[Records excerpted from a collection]
[Start of Attachment]

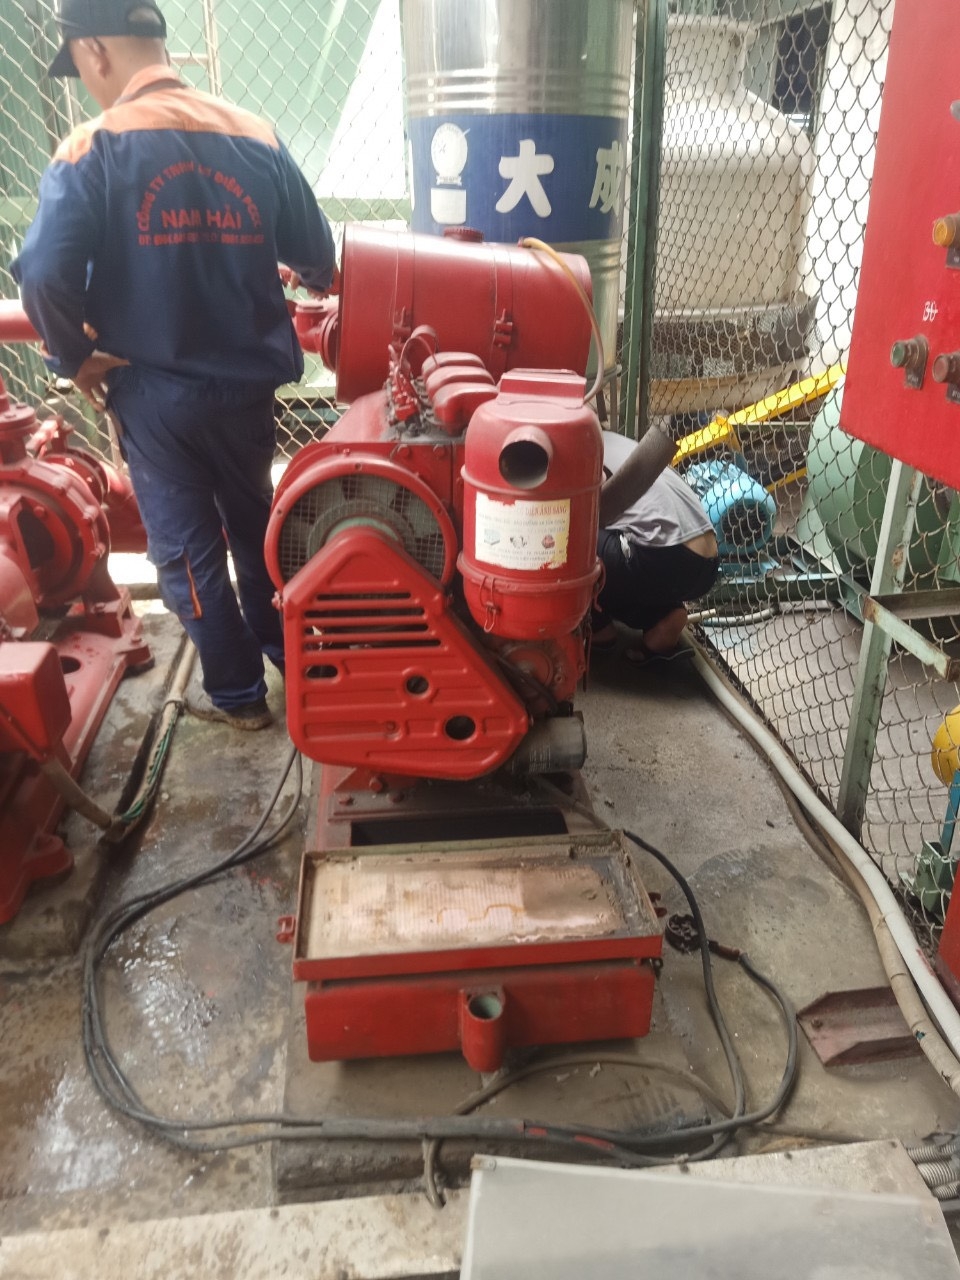 Bảo trì: Bảo dưỡng và sửa chữa máy bơm công nghiệp - Khu công nghiệp Tân bình 
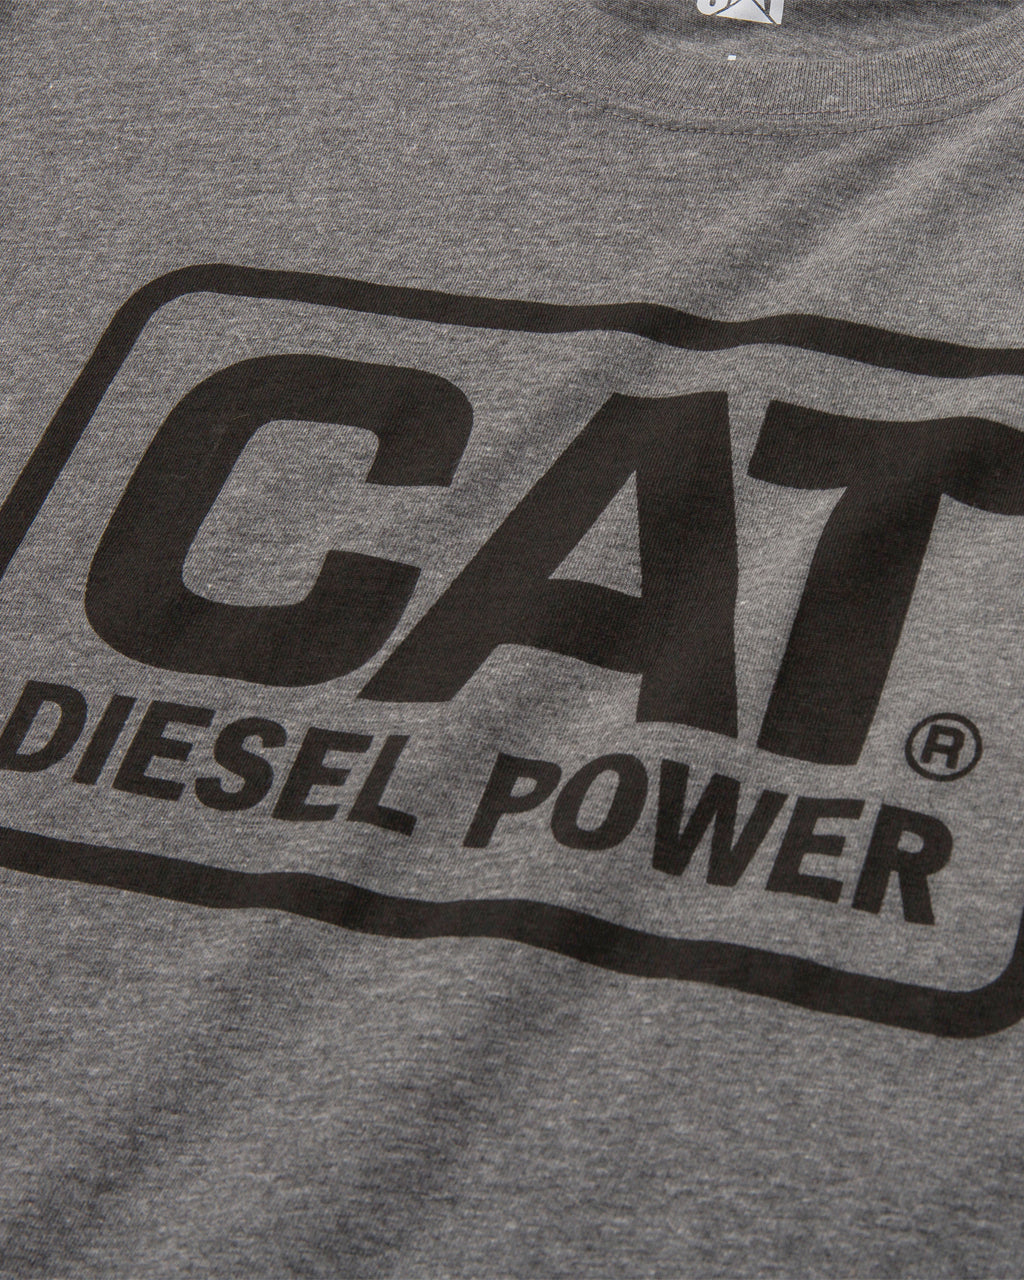 CAT Men&#39;s Diesel Power T-Shirt - Work World - Workwear, Work Boots, Safety Gear
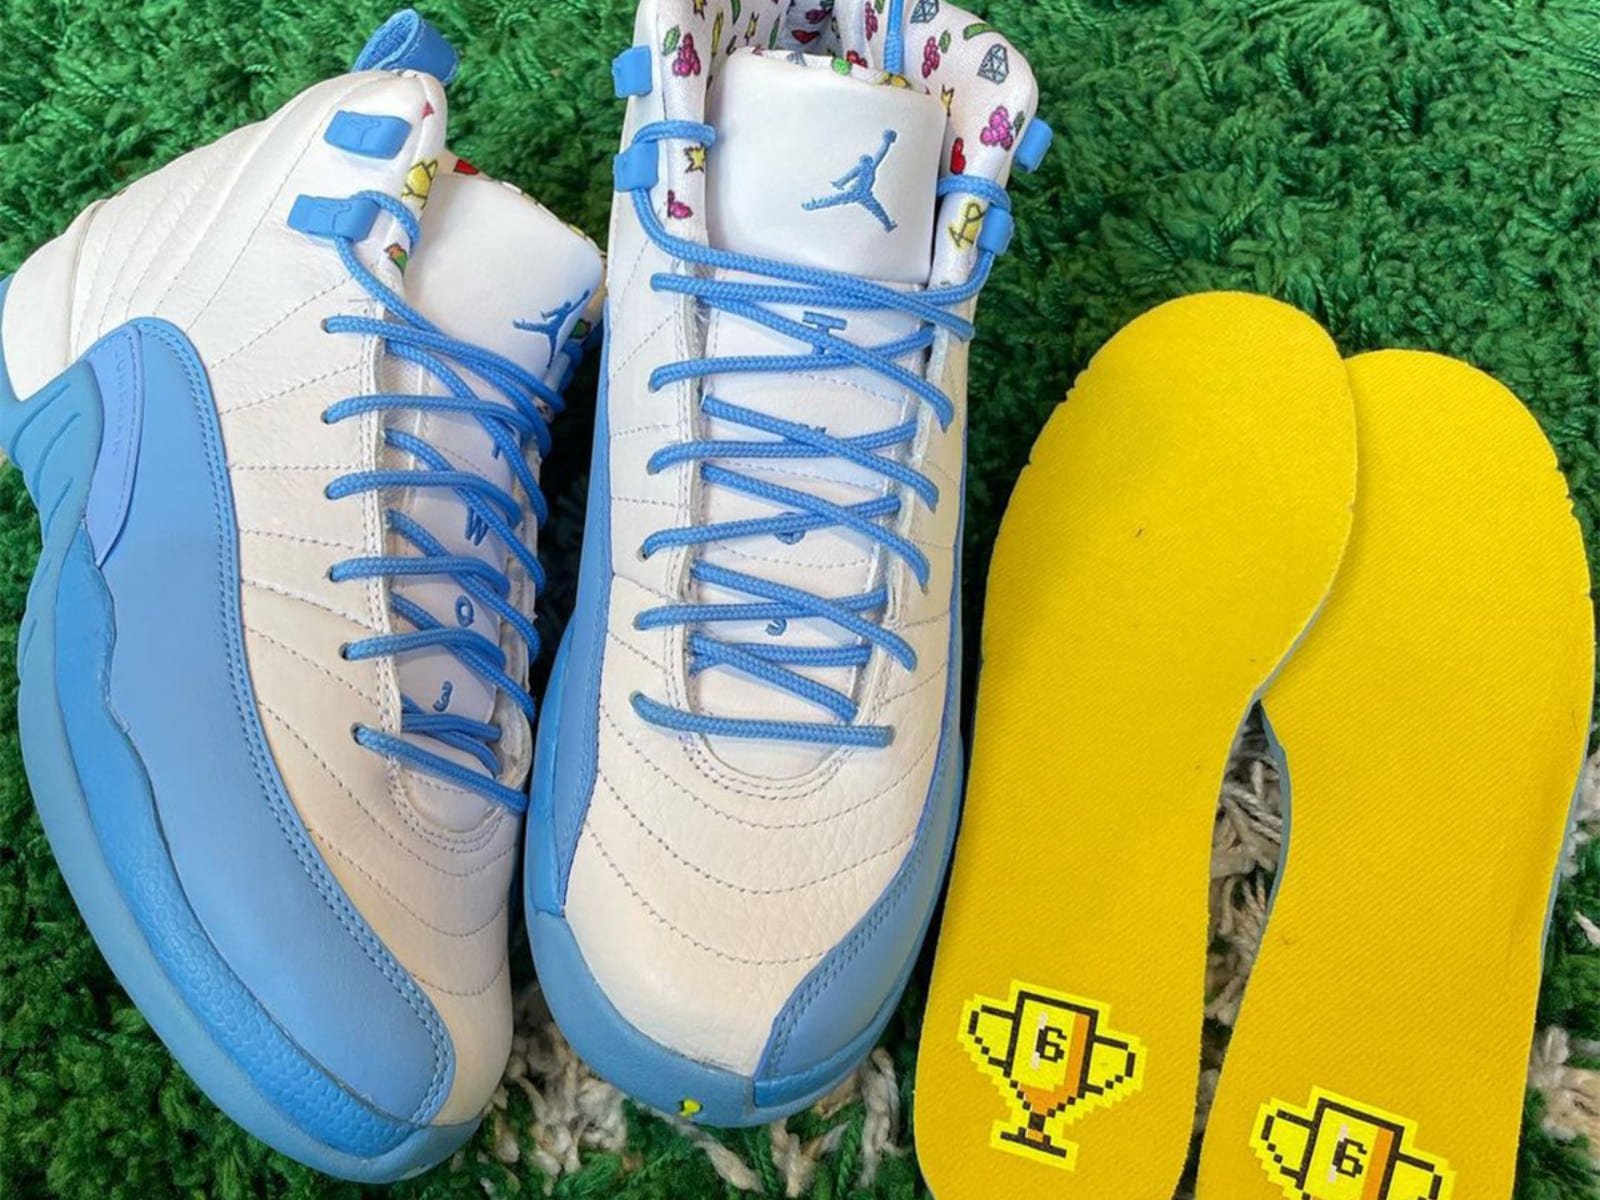 Nike Air Jordan 12 童鞋全新配色「Emoji」亮相！超吸睛藍白配色搭配滿版表情符號，潮爸潮媽不衝嗎？
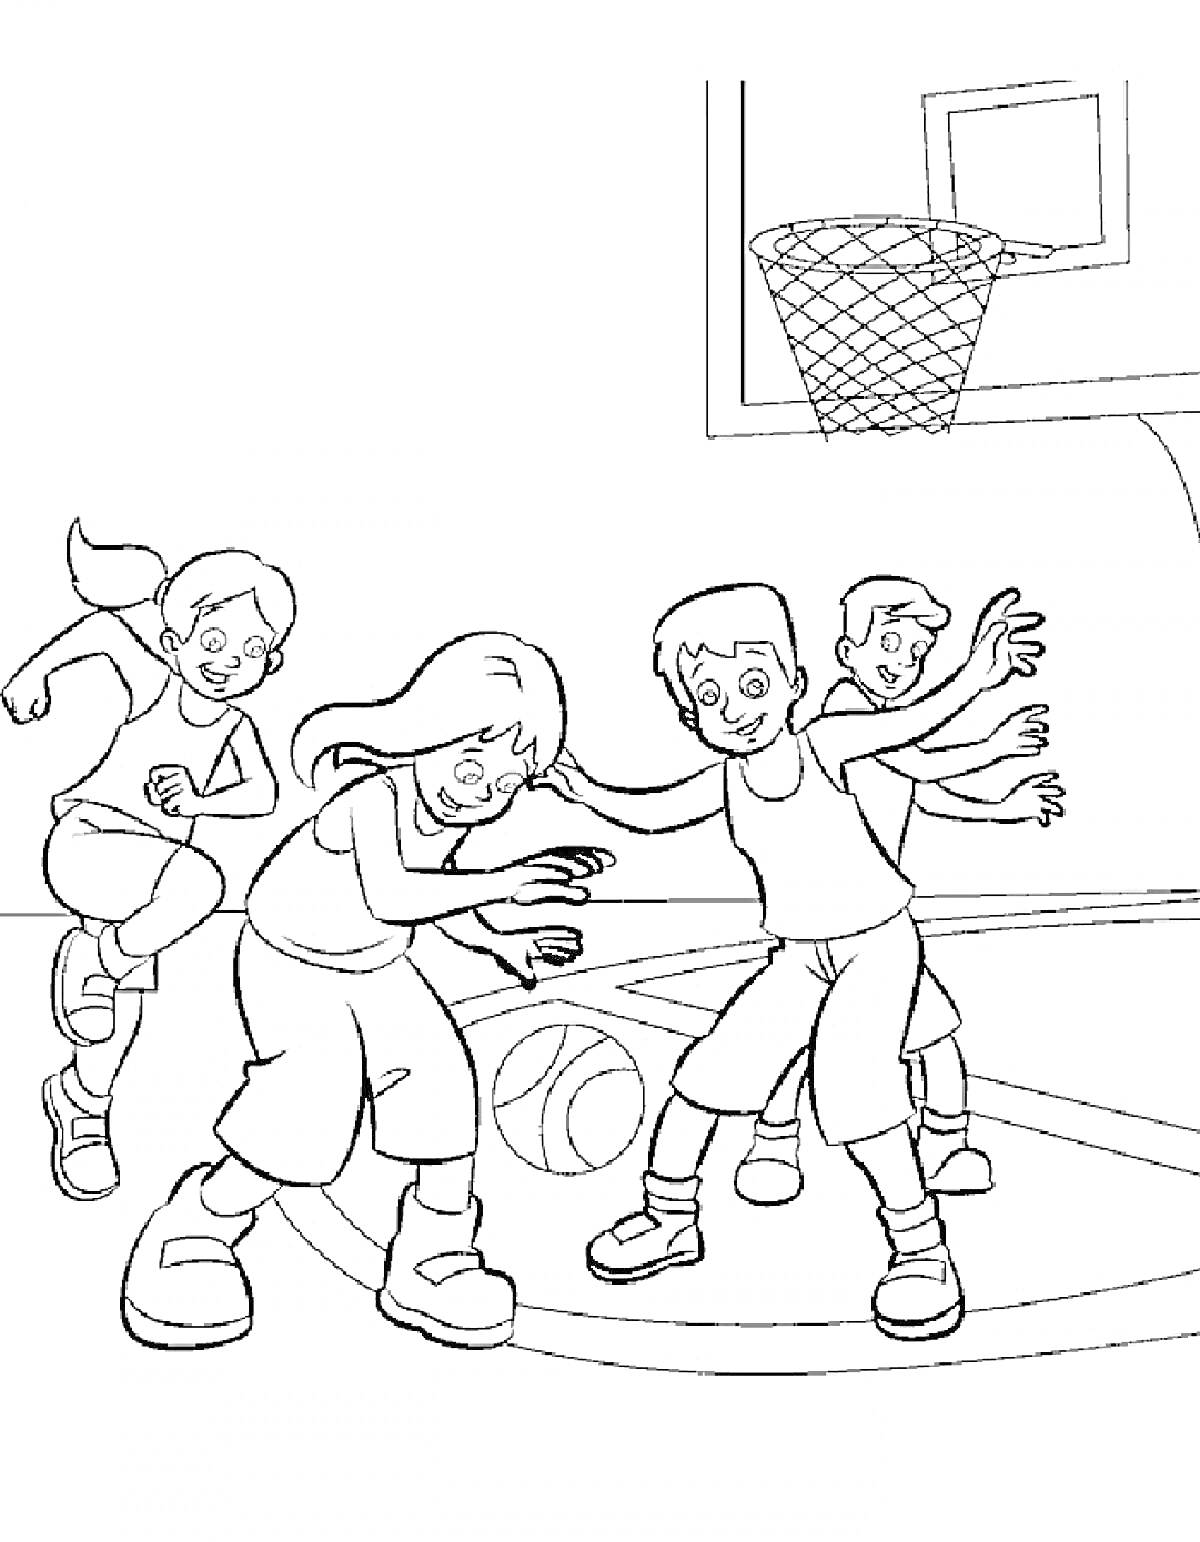 Дети играют в баскетбол на баскетбольной площадке
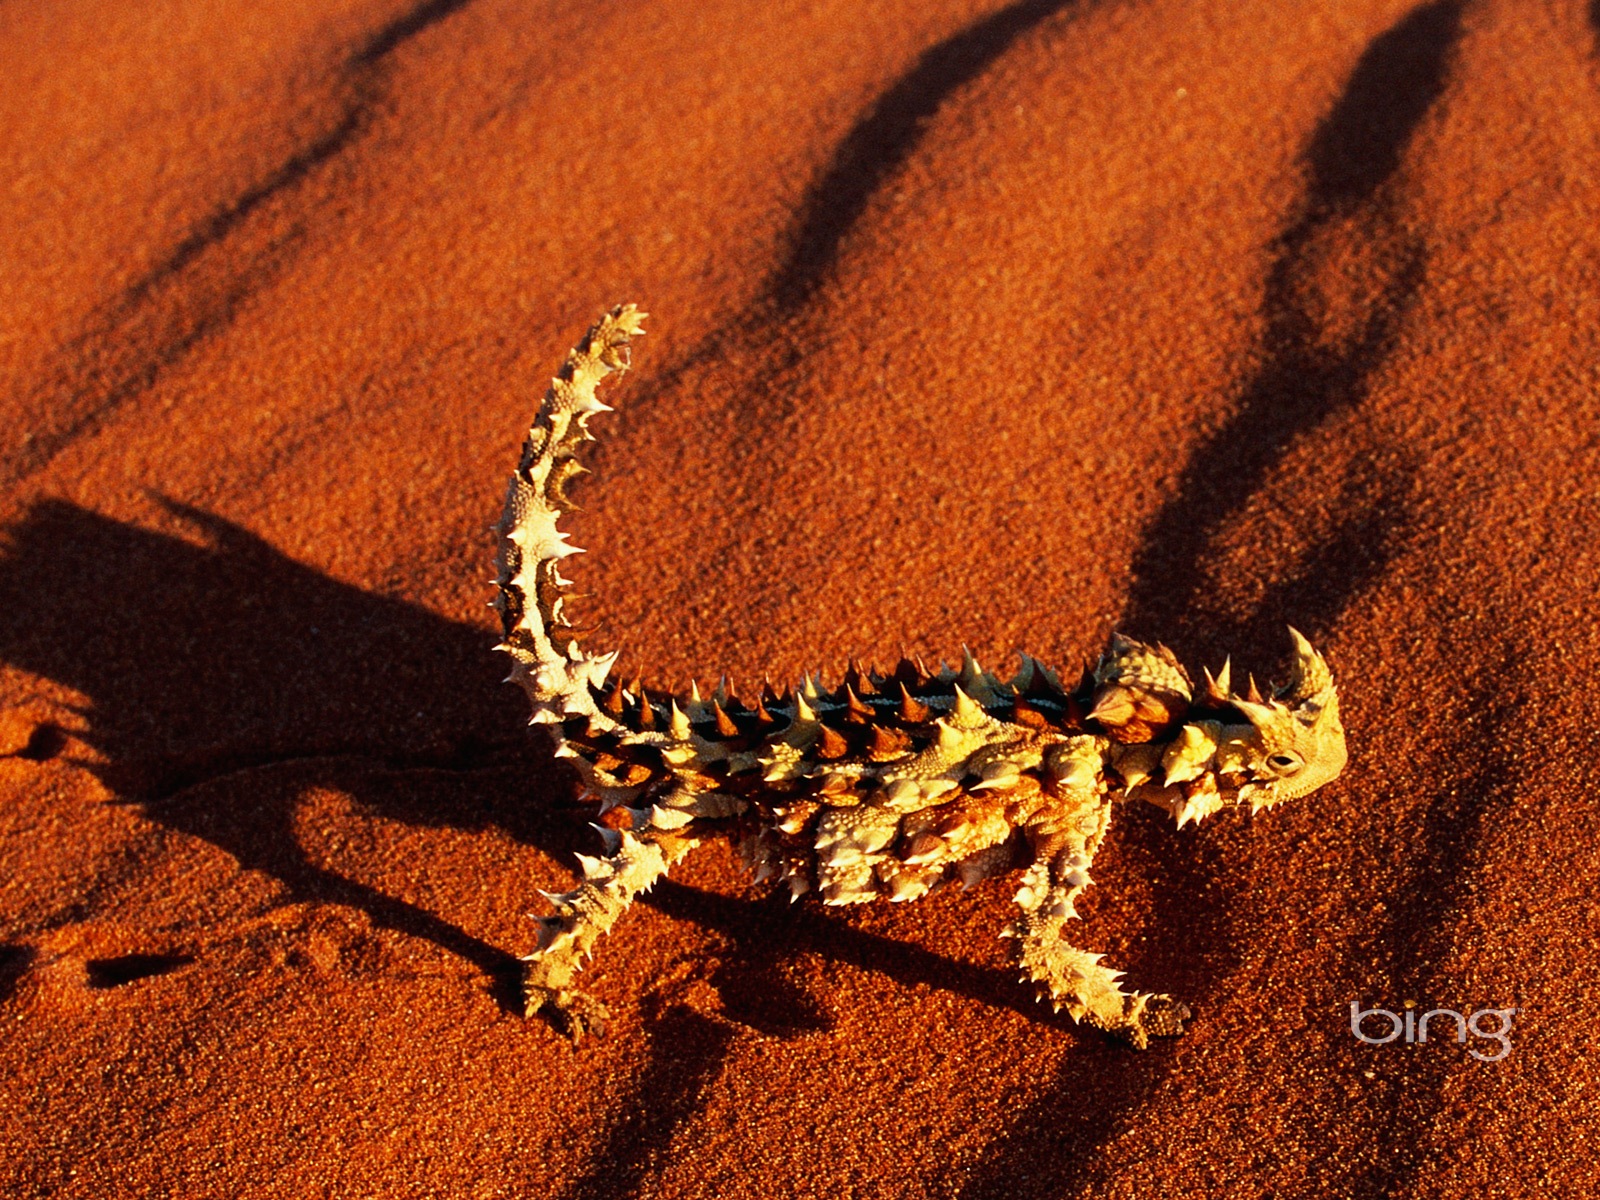 Bing Australie thème fonds d'écran HD, animaux, nature, bâtiments #7 - 1600x1200

[End of Attachment]

TASK ITEM> The answer is the complete set of records, copied exactly, with pictures omitted.

ANSWER FOR THE TASK>
 Bảo trì: Bảo dưỡng và sửa chữa máy bơm công nghiệp - Khu công nghiệp Tân bình 
 CAT Men&#39;s Diesel Power T-Shirt - Work World - Workwear, Work Boots, Safety Gear
 Nike Air Jordan 12 童鞋全新配色「Emoji」亮相！超吸睛藍白配色搭配滿版表情符號，潮爸潮媽不衝嗎？
 Дети играют в баскетбол на баскетбольной площадке
 Bing Australie thème fonds d'écran HD, animaux, nature, bâtiments #7 - 1600x1200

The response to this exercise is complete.